Validity :Multiple form: How similarly different versions of testing perform in measuring the same entity. Multiple form: How similarly different versions of testing perform in measuring the same entity. Internal consistency: How well the items that make up an instrument reflect the same construct.
Triangulation :The process of combining different information from different sources to arrive at a true or, at least, most accurate value. For example, Multi-method matrix (MTMM)

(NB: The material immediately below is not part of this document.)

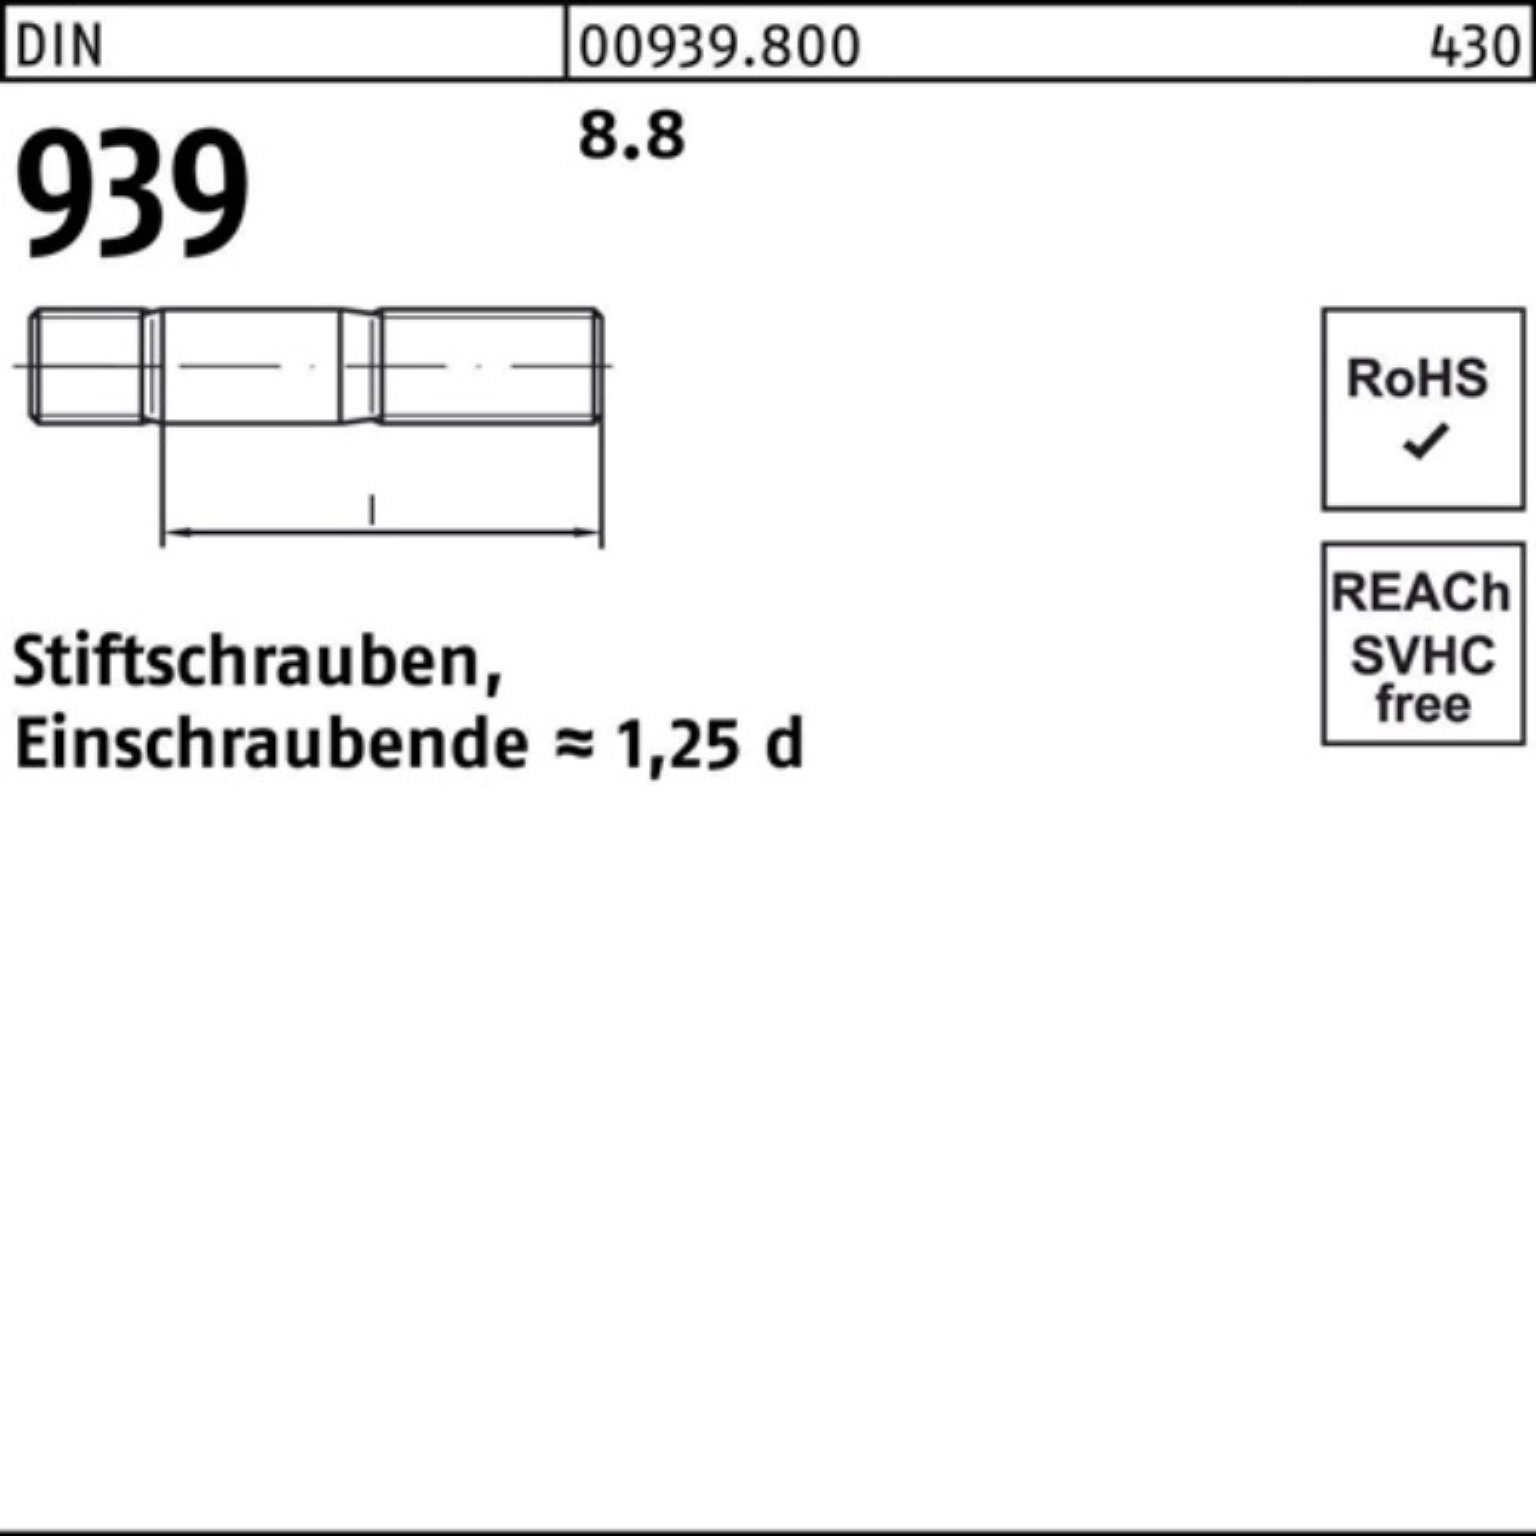 DIN 939 Pack S Stiftschraube 50 100er Stiftschraube Einschraubende=1,25d 8.8 45 Reyher M10x

Day 3: Method of Central Tendency

June 3, 2021

Among the first statistics computed for the continuous variables in a new dataset. These measures indicate where most values in a distribution fall .
The three most common measures of central tendency are the mean, the median, and the mode. One’s choice of mean, median, or mode can dramatically change the interpretation of the data.
The mean is the arithmetic average (the sum of the scores divided by the number of scores). While the mean is the most common measure of a dataset’s center, there are situations when it cannot be used.
Mean is not an appropriate summary measure for every dataset because it is sensitive to extreme values (outliers), so can be misleading for Skewed data.
Trimmed Mean also known as Winsorized Mean is calculated by discarding certain percentage of extreme values in a distribution and calculating mean of the remaining values.
When the data are nominal (i.e., when the data are categories rather than values), you must use the mode (Most frequently occurring value) to summarize the center
Median is the best option when data are ordinal. The median of a distribution of scores is the value at the 50th percentile, which means that half of the scores are below this value and half are above it.
To summarize interval or ratio data, in general, you should use the mean. however, if the data set contains one or more outliers, you should use the median.
If mean and median are close to each other, and the most common ranges cluster around the mean , then we can conclude that data is Normal and Symmetrical
A mean lower than the median is typical of left-skewed data because the extreme lower values pull the mean down, whereas they do not have the same effect on the median
A mean higher than a median is common for right-skewed data because the extreme higher values pull the mean up but do not have the same effect on the median.

Day 4: Percentiles

June 4, 2021

In real world environments, performance gets attention when it is poor and has a negative impact on the business and users. But how can we identify performance issues quickly to prevent negative effects?
We cannot alert on every slow transaction, since there are always some. The industry has come up with a solution called Automatic Baselining. Baselining calculates out the “normal” performance and only alerts us when an application slows down or produces more errors than us
Most approaches rely on averages and standard deviations. This approach assumes that the response times are distributed over a bell curve. Averages , in this case, are ineffective because they are too simplistic and one-dimensional.
A percentile gives a much better sense of real world performance, it tells me at which part of the curve I am looking at and how many transactions are represented by that metric.
For exactly that reason percentiles are perfect for automatic baselining. If the 50th percentile moves from 500ms to 600ms I know that 50% of my transactions suffered a 20% performance degradation. You need to react to that.
Percentile-based alerts do not suffer from false positives, are a lot less volatile and don’t miss any important performance degradations! Consequently, a baselining approach that uses percentiles does not require a lot of tuning variables to work effectively.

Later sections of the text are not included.